Tandaseru — Polda Maluku Utara akhirnya memenangkan gugatan praperadilan yang diajukan dua tersangka ke Pengadilan Negeri Ternate.

Tersangka yang mengajukan praperadilan tersebut adalah Anggota DPRD Maluku Utara, Wahda Z. Imam selaku tersangka kasus dugaan melawan petugas Polantas, dan seorang polwan berinisial Bripka R, tersangka kasus dugaan pemalsuan gelar akademik.

Kedua tersangka menempuh praperadilan karena menilai penetapannya sebagai tersangka tidak sah.

Untuk tersangka Wahda, sidang putusan praperadilan dipimpin Hakim Tunggal Ulva Rery, sedangkan untuk tersangka Bripka R dipimpin Hakim Tunggal Ferdinal.

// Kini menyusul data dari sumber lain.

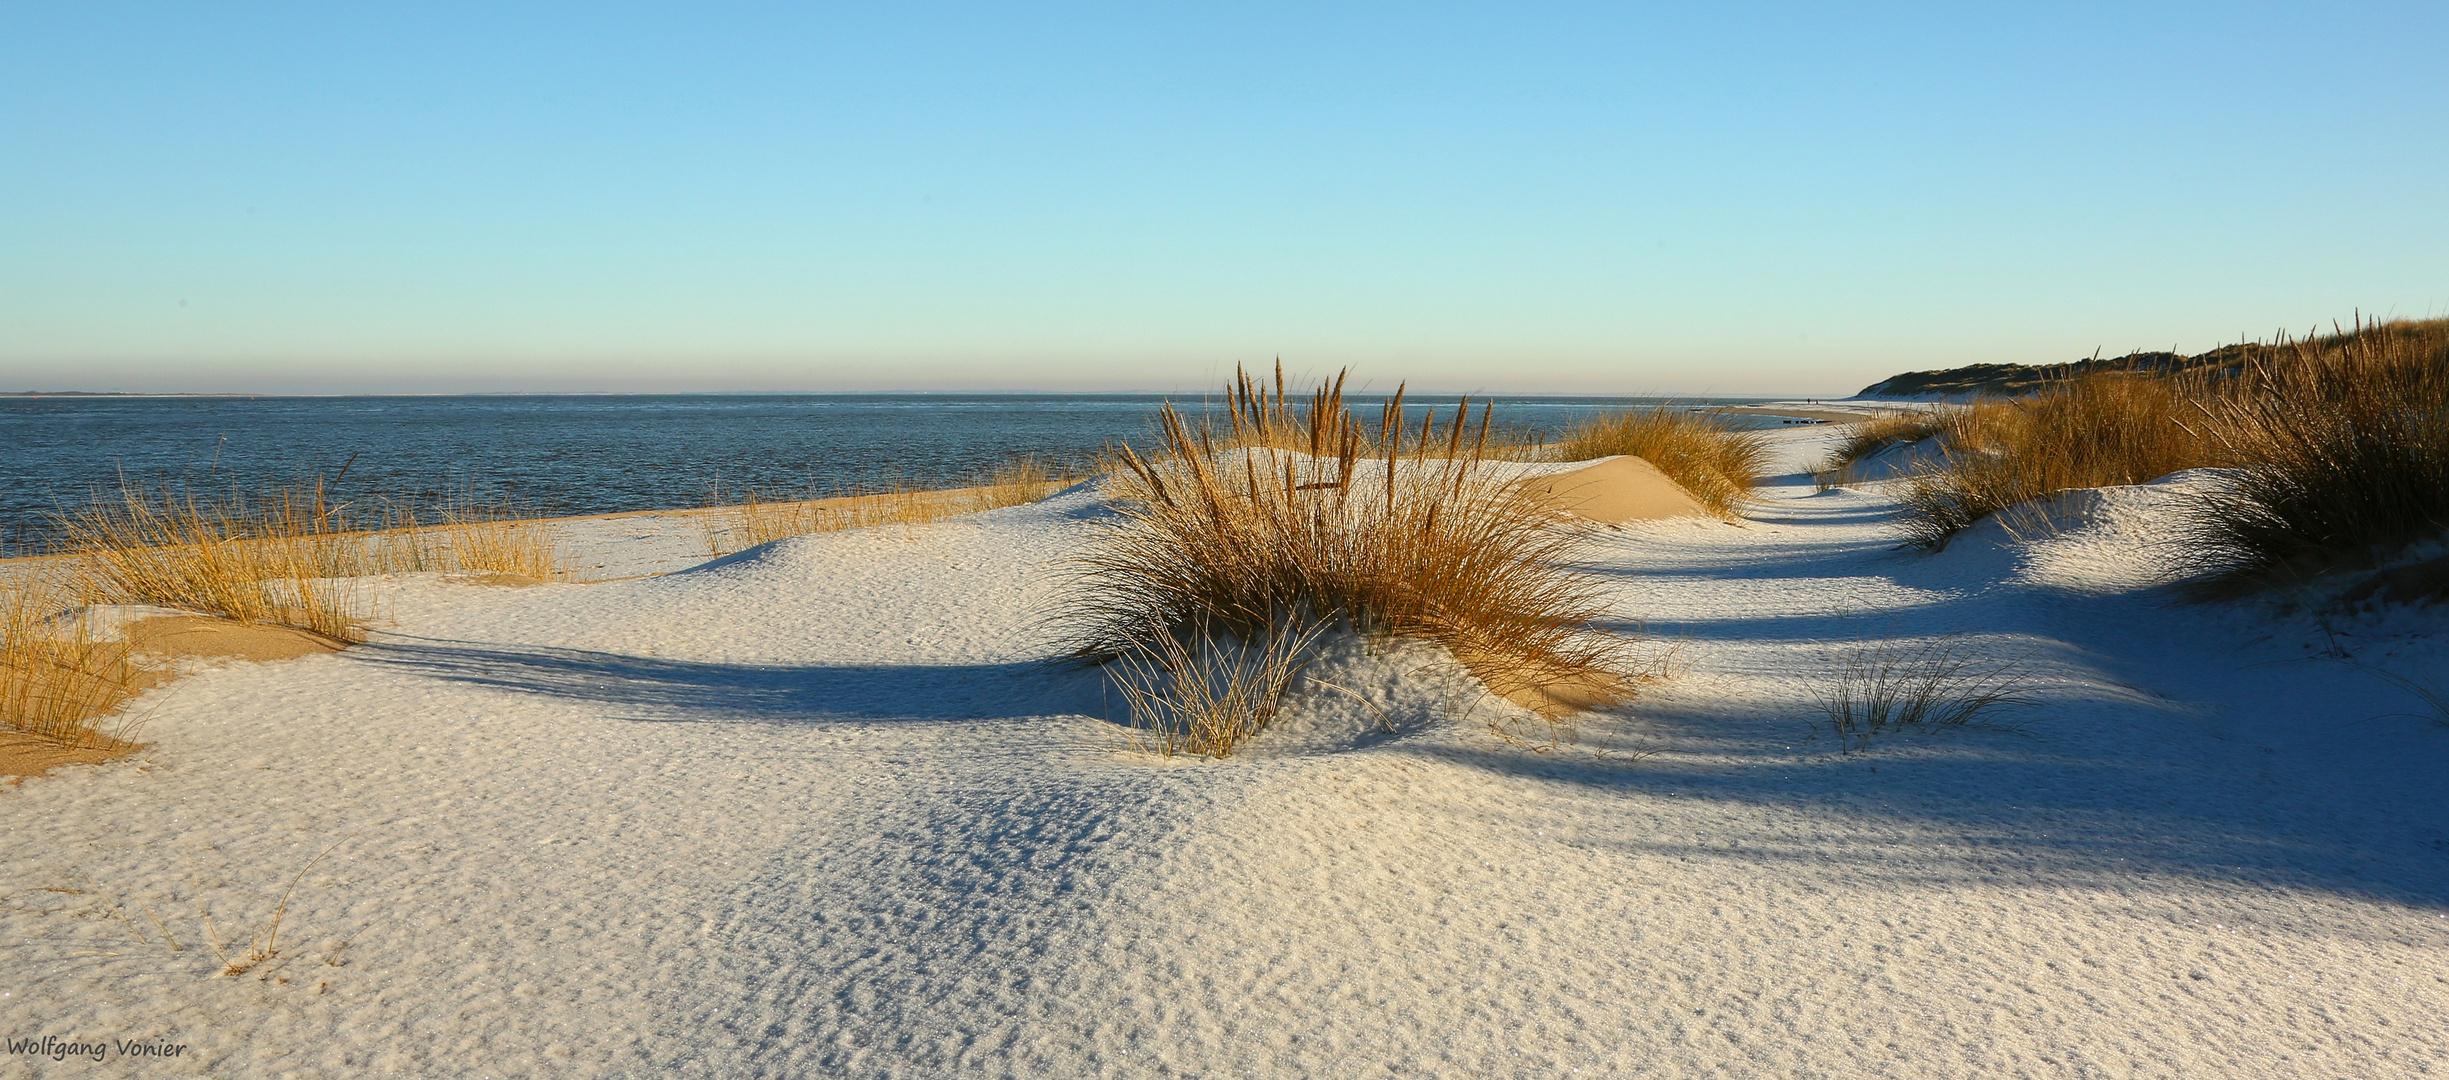 Die fast unendliche Weite, nur angenehmes Wind,- und Meeresrauschen ist wahrzunehmen
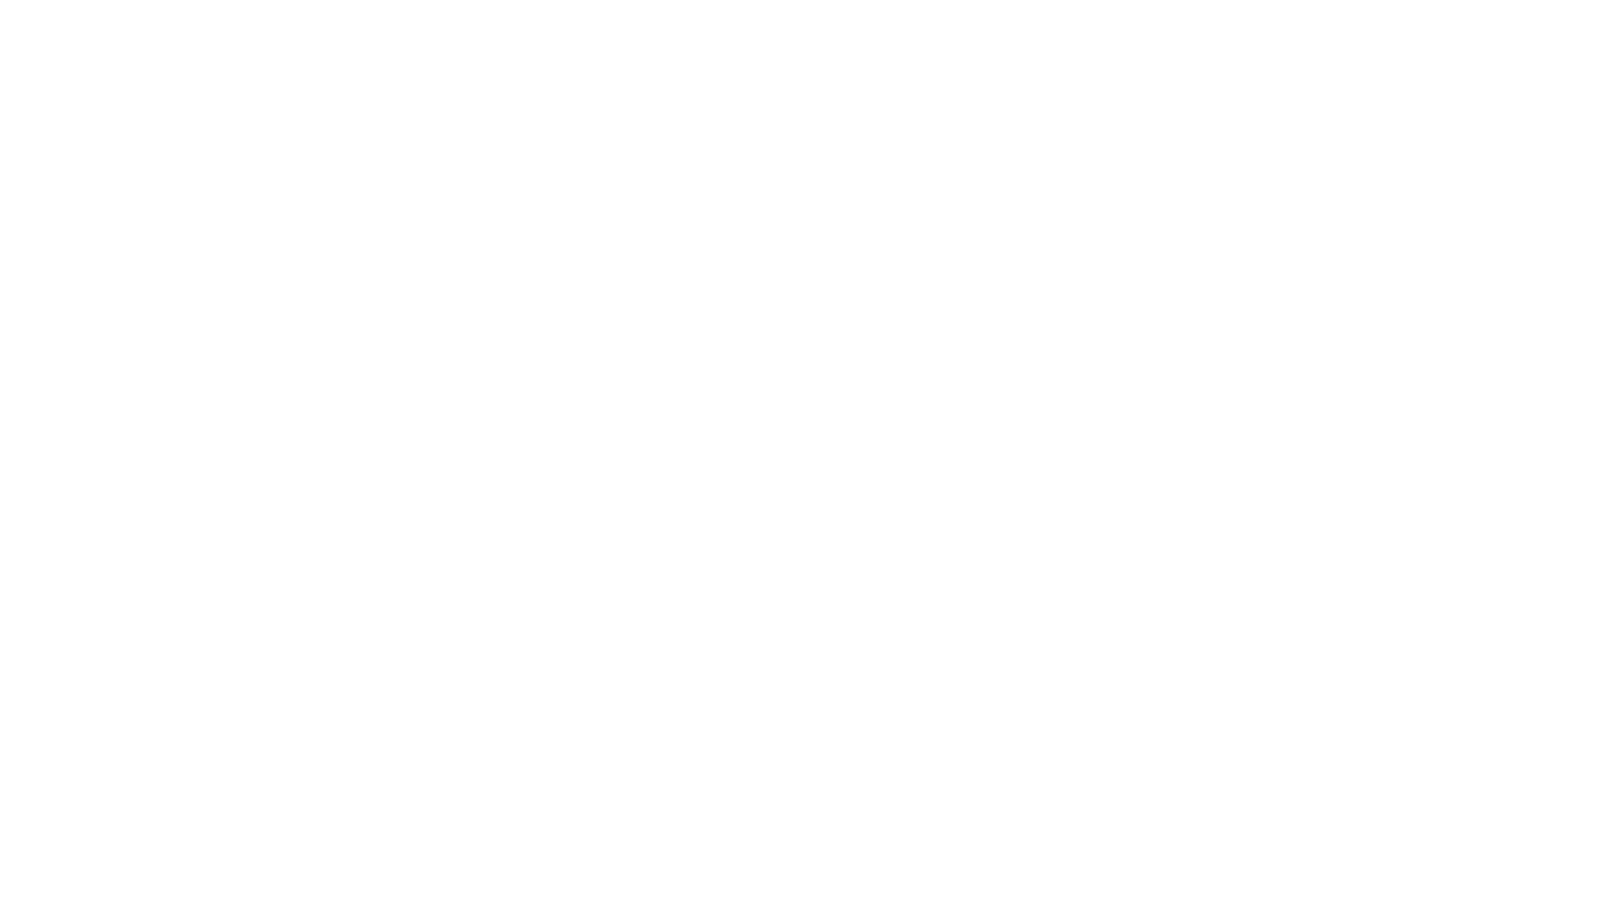 Rolf Keßler: Persönliche Erklärung zur Pressemitteilung der linken Bezirksbürgermeisterin Pohle bzgl. Anti-Corona-Demonstrationen  Sehr geehrte Frau Vorsteherin, sehr geehrte Damen und Herren, leider veranlassen mich aktuelle Ereignisse in unserem Bezirk dazu, diese persönliche Erklärung abzugeben, deren Inhalte ausdrücklich auch den Standpunkt unserer Fraktion darstellen.  Auf der Homepage des Bezirksamtes wurde am 29. Januar 2021 ein Aufruf des Bündnisses für Demokratie und Toleranz als Presserklärung der Bezirksbürgermeisterin veröffentlicht. Thematisiert werden Demonstrationen von Menschen in unserem Bezirk, welche die gegenwärtigen Restriktionen im Zusammenhang mit der Pandemie kritisch bewerten.  Durch die Teilnahme unseres Wahlkreisabgeordneten Gunnar Lindemann, weiterer Parteimitglieder und parteinaher Aktivisten zeigt die AfD ihre Solidarität mit diesen Demonstrationen. Dieser Umstand ist eine Ursache des Aufrufes.  Frau Pohle, Sie als Schirmherrin des genannten Bündnisses riefen die Bürgerinnen und Bürger dazu auf, sich dem Aufruf anzuschließen und sich nicht an diesen Aktionen zu beteiligen.  Frau Bezirksbürgermeisterin, Ihre Presserklärung hatte zwei Aspekte, die ich im Folgenden kurz darstelle:  Erstens:  zeigt sie erneut Ihre Arroganz der Macht, die sich über die Lebensumstände von Menschen in unserem Bezirk erhebt und das Handeln von Menschen verurteilt, welche für ihre Interessen an legalen Demonstrationen teilnehmen und das auch noch gemeinsam mit Mitgliedern der AfD. Zum wiederholten Male stellten Sie ihren politischen Standpunkt, ihre Parteiräson über die Interessen von Bürgern. Haben Sie aus der Vergangenheit nicht gelernt? Schon einmal haben Sie erlebt, dass die Partei- und Staatsführung die Lebenswirklichkeit, die Hoffnungen und Nöte des Volkes ignorierte und dafür hinweggefegt wurde. Dokumentiert Ihr Verhalten vielleicht, dass Sie im Inneren Ihrer Seele nie eine konsequente Verfechterin der Demokratie waren?    Zweitens: und jetzt kommt die re

Dalam sidang putusan praperadilan yang dilaksanakan Senin (13/9) di ruang sidang Pengadilan Negeri Ternate, kedua hakim tunggal mengambil keputusan yang sama, yakni menolak permohonan praperadilan Pemohon untuk seluruhnya.

Terpisah, Kabid Hukum Polda Maluku Utara, Kombes Pol Yudi Rumantoro mengatakan, di dalam sidang praperadilan Polda Maluku Utara bisa memberikan bukti-bukti sehingga hakim yakin proses hukum telah dilaksanakan sesuai aturan.

“Karena tidak ada cacat hukum maka prosedur bisa langsung berjalan. Kemarin kita tunggu dulu siapa tahu ada administrasi yang perlu diperbaiki, ternyata hakim menolak seluruh gugatan praperadilan yang dimohonkan oleh Pemohon,” jelasnya.

Lanjut dia, dengan adanya putusan praperadilan yang dimenangkan Polda Maluku Utara maka kasus kedua tersangka ini akan tetap dilanjutkan penyidikannya sesuai ketentuan yang berlaku.

“Hasil praperadilan tadi Polda Maluku Utara bisa mempertahankan hasil penyidikannya untuk dilanjutkan,” timpalnya.

Sementara itu, sidang pembacaan putusan dihadiri kuasa hukum kedua tersangka yakni Muhammad Konoras dan kawan-kawan.

Sedangkan kuasa hukum dari Polda Maluku Utara yakni Kombes Yudi Rumantoro, IPDA Iwan Duwila, AIPTU Zulkifli Kodja, AIPDA M. Rizal Adjam dan AIPDA Abdul Rajak Jauhati.